Frage: Herr Vollmer, zu Ihrem Abschied als Bundessekretär: Wie gut sehen Sie das Kolpingwerk für die Zukunft und ihre Fragestellungen gerüstet?
Vollmer: Wenn es eine Stärke unseres Verbands gab, dann die, dass es ihm immer wieder gelungen ist, auf gesellschaftliche und kirchliche Umbrüche zu reagieren – sowohl programmatisch als auch organisatorisch. Da bin ich zuversichtlich, weil der Auftrag von Adolph Kolping, den Menschen nahe zu sein, die Nöte der Zeit zu erkennen, zu handeln als Menschen, die sich auch Gott verbunden fühlen, die als gläubige Menschen der Gesellschaft auch etwas zu sagen haben, zeitlos aktuell ist.

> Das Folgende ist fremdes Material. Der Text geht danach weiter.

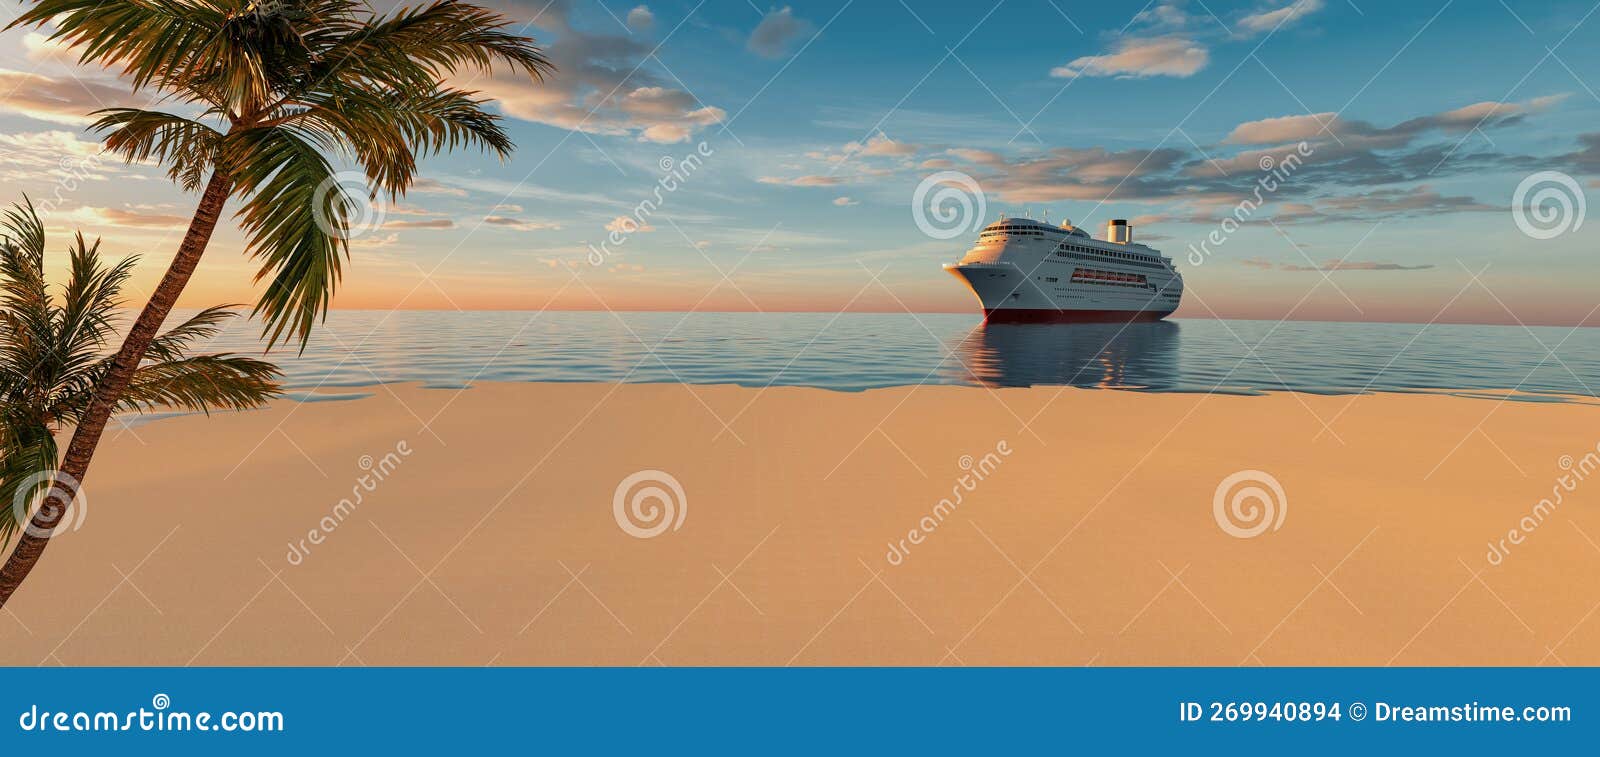 a large white cruise ship sails through the sea

Frage: Und was haben Sie sich für Ihr neues Amt vorgenommen, Frau Horster?
Horster: Mir geht es zunächst darum, Kolping mit seiner verbandlichen Gliederung sowie seinen Einrichtungen und Unternehmen als "Marke" zu stärken, so zur Bindung der Mitglieder beizutragen und von Menschen außerhalb des Verbandes als attraktiv wahrgenommen zu werden. Dann geht es auch darum, Menschen, die Schwierigkeiten mit der katholischen Kirche als Institution haben, eine Heimat für ihr Christsein zu bieten. Das gilt es in unserem Leitbild, aber auch in den Strukturen zum Ausdruck zu bringen. Daran will ich mit Mut und Kreativität mitwirken.